# European banks put their egyptian branches for sale



## hhaddad (Apr 14, 2010)

*According to Ahram printed version a report from Reuters states that European banks are selling off their Egyptian branches. Those noted are BNP PARIBAS, SOCIETE GENERALE,CREDIT AGRICOLE.*


----------



## aykalam (Apr 12, 2010)

Some of those are being bought up by Qatar National Bank


----------



## canuck2010 (Jan 13, 2010)

All of those banks had horrible customer service, no great loss!


----------



## Sonrisa (Sep 2, 2010)

Wow, bit by bit, the qataries will end up owning the whole country


----------



## canuck2010 (Jan 13, 2010)

If Qatar and Turkey continue the corporate take over, that could actually be an improvement.


----------



## Sonrisa (Sep 2, 2010)

Improvement in what sense?


----------



## jemiljan (Nov 28, 2011)

hhaddad said:


> *According to Ahram printed version a report from Reuters states that European banks are selling off their Egyptian branches. Those noted are BNP PARIBAS, SOCIETE GENERALE,CREDIT AGRICOLE.*


Not quite. Only two, BNP Paribas and Societe Generale have sold. The others expected to do so, but they haven't yet. If anything, the situation has made it very difficult for them to sell.

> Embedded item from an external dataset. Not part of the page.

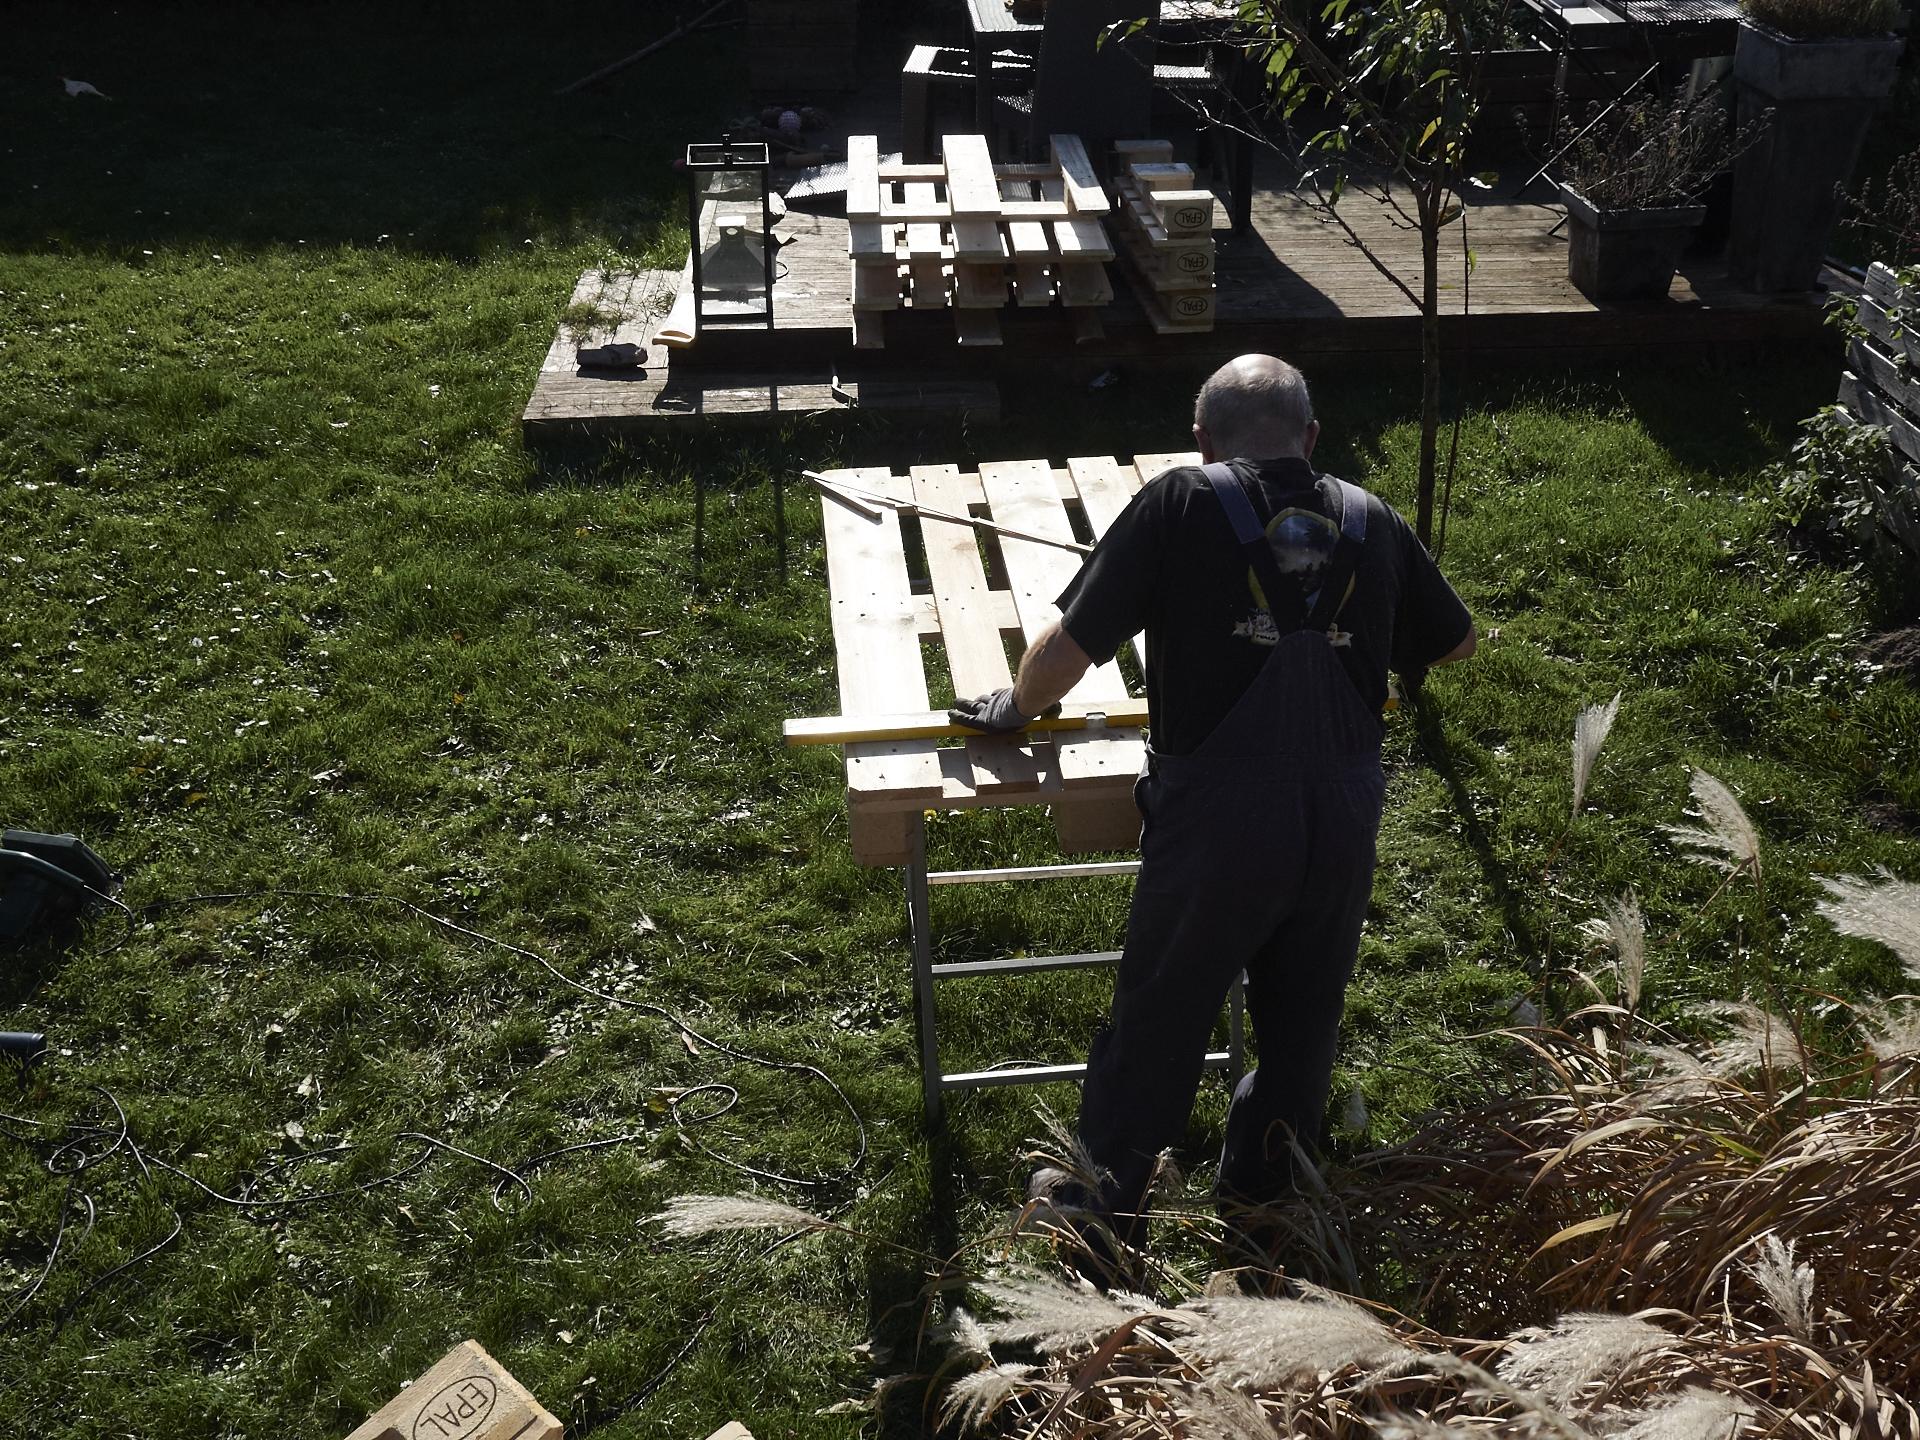 bett aus paletten selbstgebaut, natürlich mit hilfe von bett aus paletten selbstgebaut, natürlich mit hilfe von bernhardund seinem werkzeug seinem werkzeug

Egypt's deadly turmoil slows European bank divestments



> French banks Societe Generale and larger rival BNP Paribas agreed to sell their banking arms in Egypt to Qatar National Bank and Dubai’s Emirates NBD respectively in 2012.
> 
> Some had expected other deals to follow. Those at the top of the list were France’s Credit Agricole , which holds a 61-percent stake in Credit Agricole Egypt, and Italy’s Intesa Sanpaolo, which has a 70 percent stake in Bank of Alexandria.
> 
> ...


----------